Die Songs sind eingängig, bleiben direkt im Ohr kleben und bewegen sich wieder mal auf einem hohen Level.
Qualität ist Trumpf, das zeigt schon das zusammenspiel der Band. Alles aus einem Guss, Harmonisch bis zur letzten Note.

Es macht Spaß Freischlader zu hören, da er es immer wieder schafft, sich mit seinem feinfühligen und dynamischen Gitarrenspiel einmal in den Vordergrund zu spielen aber auch gleich in der Gesamtheit der Band einzufügen. Dieser Wechsel gelingt ihm wirklich gut.
Gesanglich mag es nicht jedermanns Geschmack zu sein aber mir gefällt seine etwas kreckelige Stimme echt gut.
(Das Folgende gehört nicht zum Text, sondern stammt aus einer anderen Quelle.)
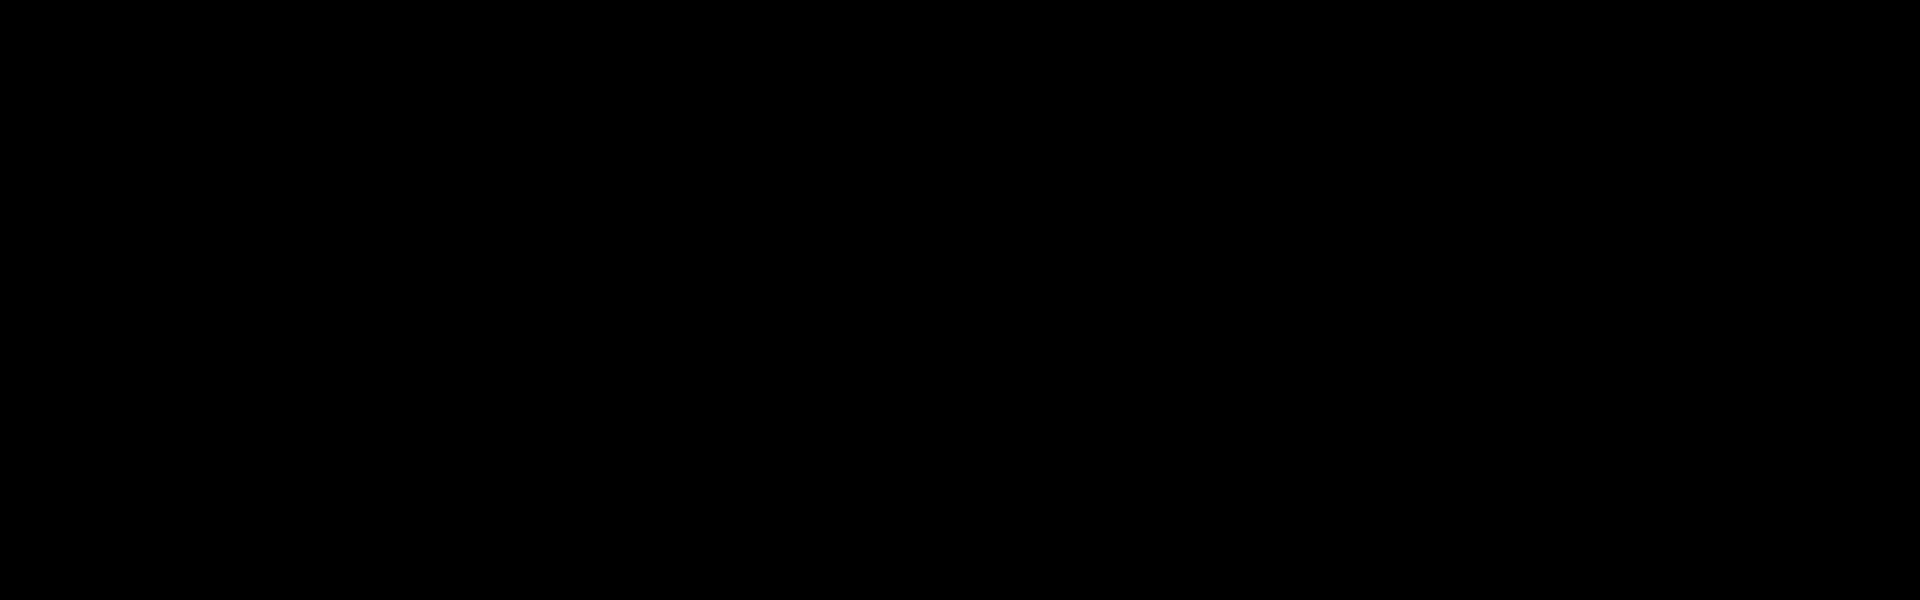 Jonsplus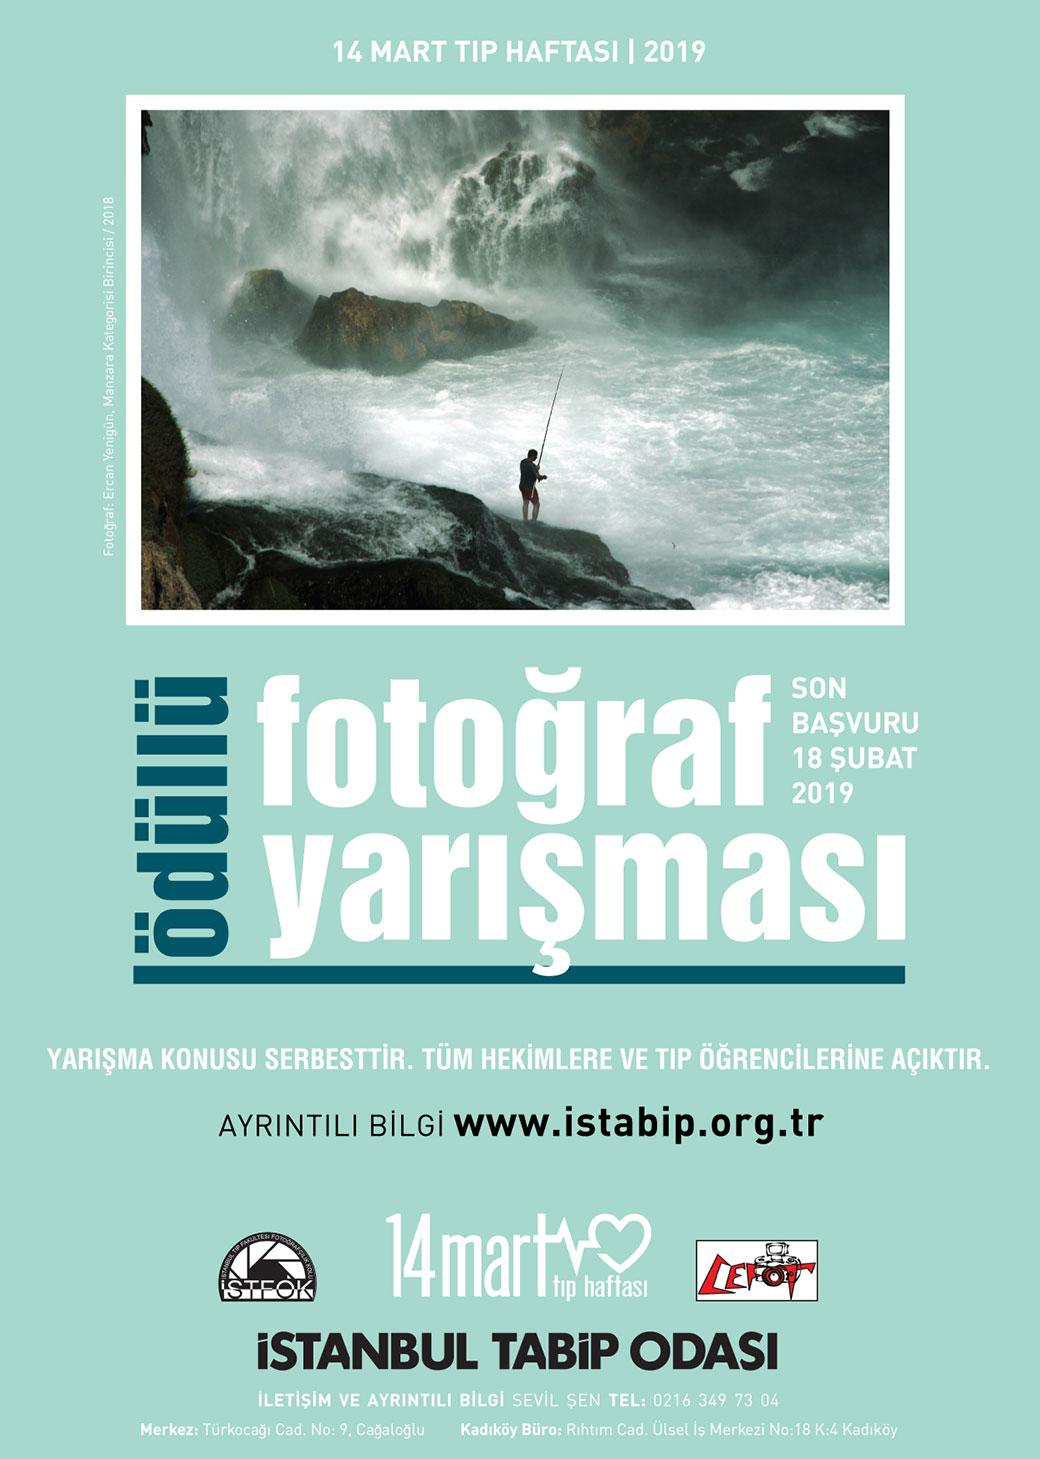 https://www.istabip.org.tr/14mart/2019/fotograf-yarismasi

Anspieltipp: "Point of view", da geht gleich die Post ab, "Caroline" nimmt nach den ersten beiden Songs etwas Dampf aus dem Kessel. Aber "My woman" ist das absolute Highlight. Ein Knaller Song, hier freue ich mich schon auf die Live Präsentation..!!!

Schön das wir auch deutsche Bluesmusiker haben, die sich vor der internationale Garde nicht zu verstecken brauchen.